Data Security for Tax and Accounting FirmsProtect your clients and your practice

Taking Action to Help You Keep Your Clients Safe

Hackers are specifically targeting tax and accounting firms at increasing rates — and it's not just the big firms being targeted, but firms of all sizes.

In May of 2015, criminals used information obtained from social media and stole around 724,000 taxpayers' return data from the IRS's Get Transcript system. This is just one case — as cybercriminals become more advanced in their methods (from phishing scams to illegally accessing firm software and filing fraudulent tax forms), all tax and accounting firms must stay vigilant against threats and take action to keep their businesses and clients safe.

At Thomson Reuters, the security of your data and your clients' data is a top priority — and we're continuing to take steps to strengthen data security, help you protect your practice and comply with recent IRS security requirements. Working together, we can put safeguards in place to help you protect your clients and your firm.

Check out our fact sheet for important information about data security, and keep reading for actions you can take to help you stay safe against security threats.

Data Security Risks fact sheet PDF - 89kb

Security Requirements

For tax year 2016, the IRS — working in partnership with tax software vendors and practitioners in the profession — now requires that all tax-related software for professionals follow these requirements. At Thomson Reuters, we believe that all data is important, so these changes were applied to all our software.

Here is a summary of the new IRS requirements that are applicable to tax software providers and professionals who use their software.

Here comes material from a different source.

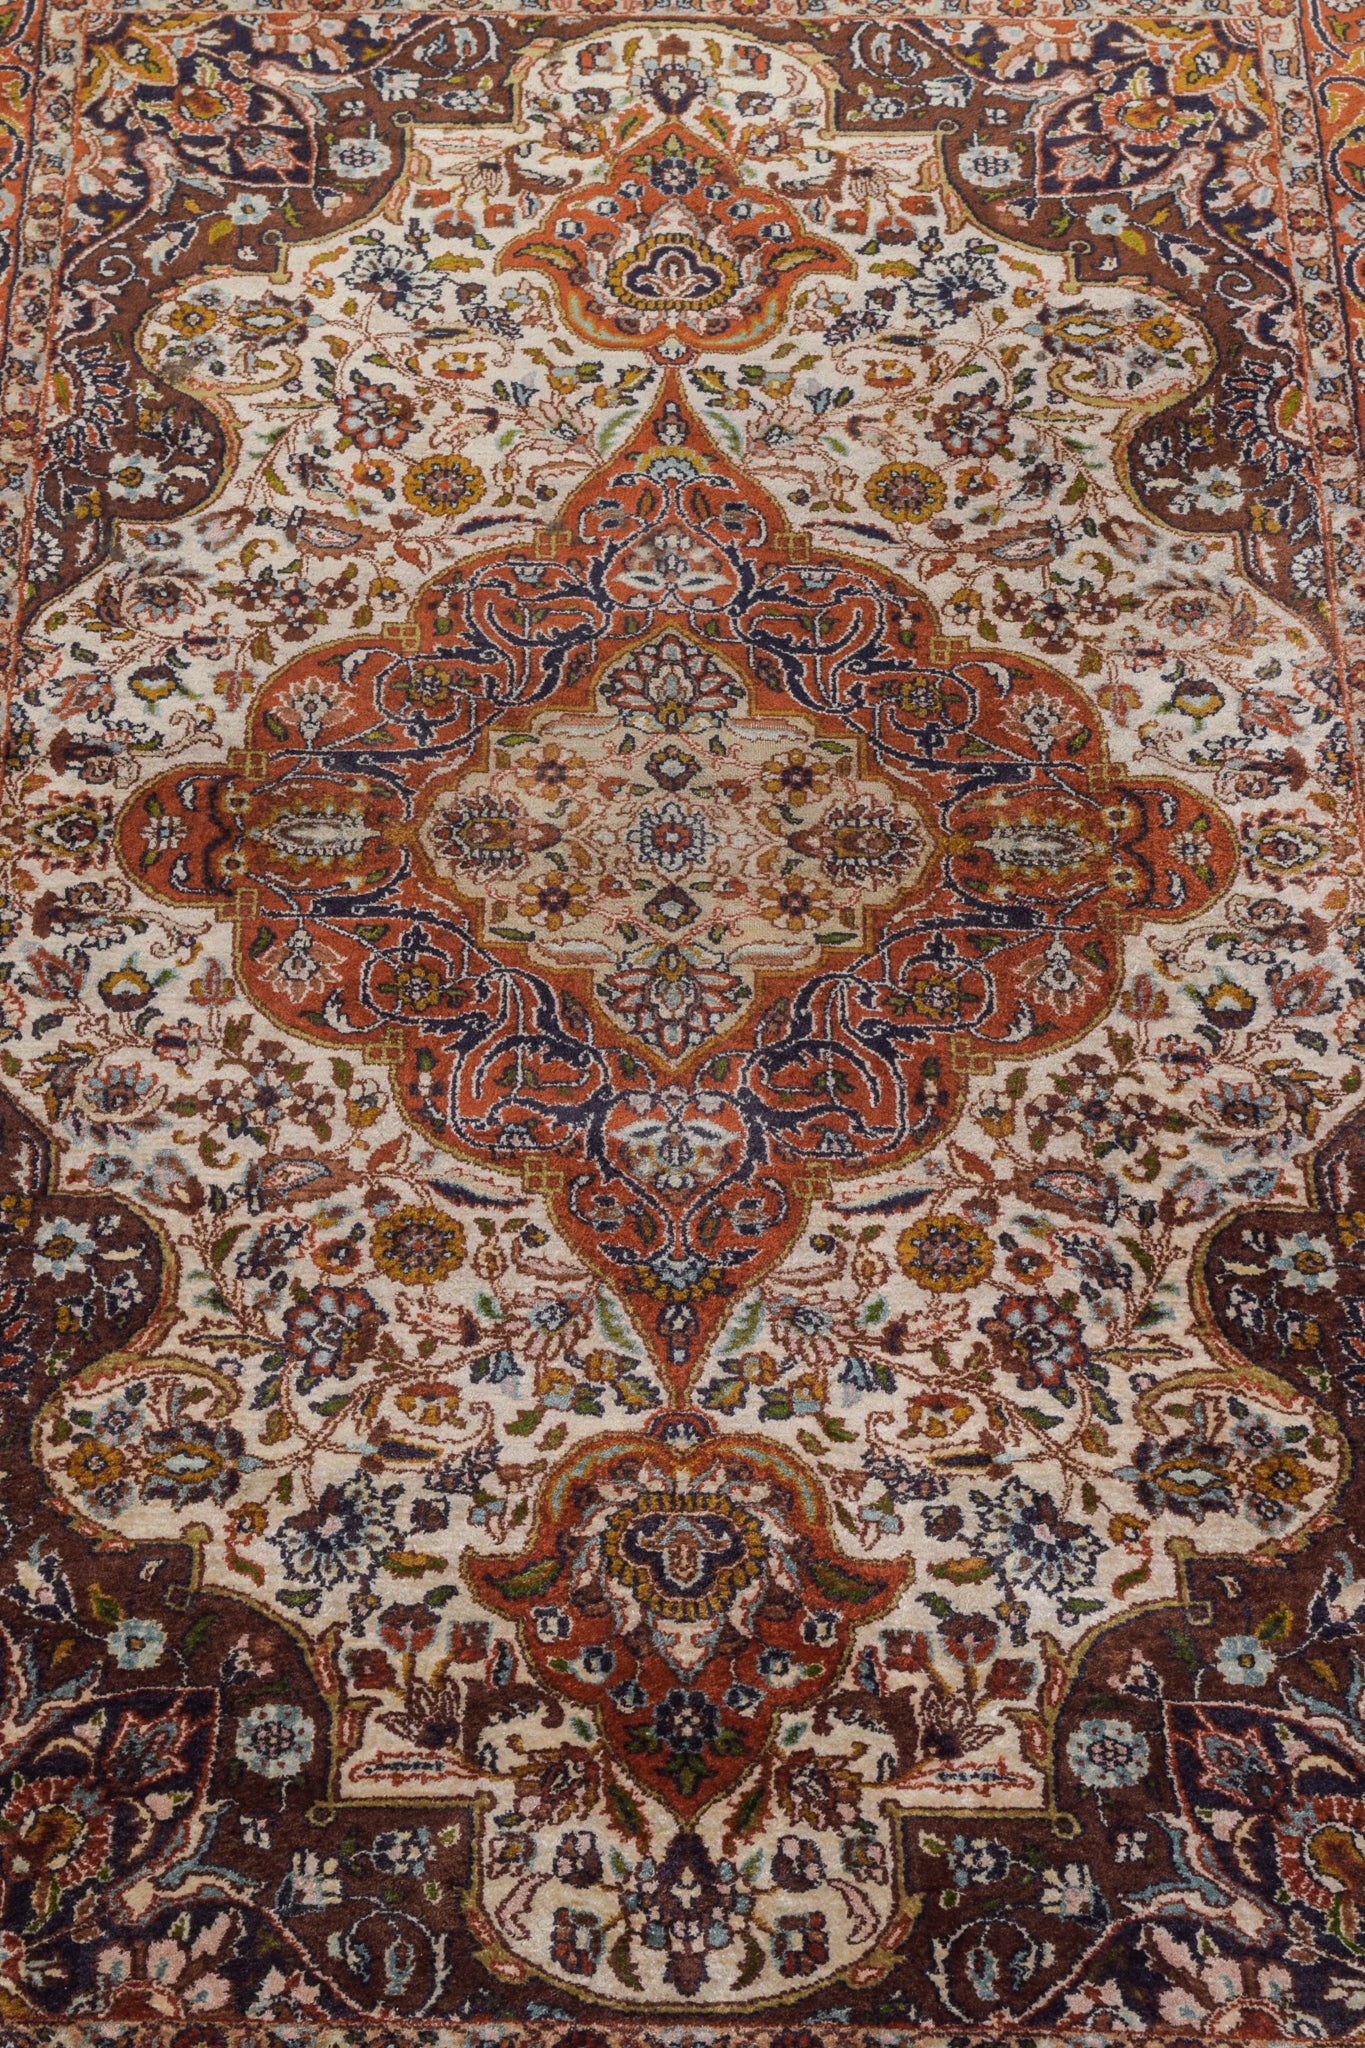 Handwoven Medallion Rug With Flowers

  1. Login requirements for tax-related professional software — The IRS requires that any tax-related software for professionals needs to be protected by a login with certain password requirements (regardless of whether the software is accessed via desktop or the cloud). This login functionality for CS Professional Suite® software became available in November 2016.
  2. Password strength — As defined by the IRS, a strong password will now contain a minimum of eight characters with at least one uppercase letter, one lowercase letter, one number and one special character. The IRS also requires that preparers reset their passwords every 90 days.
  3. Timeout period — The IRS also requires that applications time out after 30 minutes of user inactivity and requires users to log back in using their credentials. However, while your access is suspended, the operation of the software is not, so the processes within the software will continue during the timeout.

For more specific information about how security changes affect Thomson Reuters software, see the CS Professional Suite application security overview topic in the Help & How-To Center.

Looking to save time when you only need to log in once for all CS Professional Suite applications? Learn more about our single sign-on feature

Strongly Advised Security Measures

License PIN Security Update

As part of our ongoing efforts to increase security for Thomson Reuters customers, every firm is issued a License PIN, which must be input before you download your software licenses. The default PIN (Personal Identification Number) is your firm's ZIP code.

To keep your software licenses — and your account — secure, we strongly urge you to change your License PIN from your ZIP code to a new PIN as soon as possible. This will add an extra layer of security to help prevent anyone who might have knowledge of the PIN (for example, a former employee, or any unauthorized person who knows your ZIP code) from downloading your software license without permission.

To change your PIN from your My Account page, you must be an admin user* on your CS Professional Suite web account.

Here's how to manage your PIN online:

  1. Go to the My Account page of your CS Professional Suite web account.
  2. Log in to your account (the login link is under the Welcome heading).
  3. Select the My Firm link from the left side of your screen.
  4. Select the Manage License PIN link from the choices under the My Firm menu on the left.
  5. Enter a new four- or five-digit numeric-only code (no letters or special characters) in the New Firm License PIN box, and select the Change Firm License PIN button to change your PIN.
  6. Use the new License PIN when you're ready to download your software license.

*If you're the licensee and you're not currently an admin user, email cs.service@tr.com to upgrade to admin status.

Multi-Factor Authentication

As a leader in data security, Thomson Reuters can offer even more advanced security options for any firm that wants multi-factor authentication (additional identity verification for extra security) for CS Professional Suite (desktop), Virtual Office CS®, Software as a Service (SaaS), GoFileRoom®, AdvanceFlow® and GoSystem® Tax RS.

We're pleased to introduce Thomson Reuters Authenticator, our new multi-factor mobile app, which provides industry standard authentication factors. We strongly advise that you enable multi-factor authentication to strengthen the security of both your firm and your clients' data.

Learn more about the Thomson Reuters Authenticator mobile app
NetClient CS=

Use this script to communicate important security information about multi-factor authentication to your clients.

View the script

Stay Safe and Informed

Thomson Reuters is here to support you. In addition, you should consult with your advisors for guidance on data security practices and legal standards applicable to your practice. It is also important to check the IRS website regularly for security news and alerts.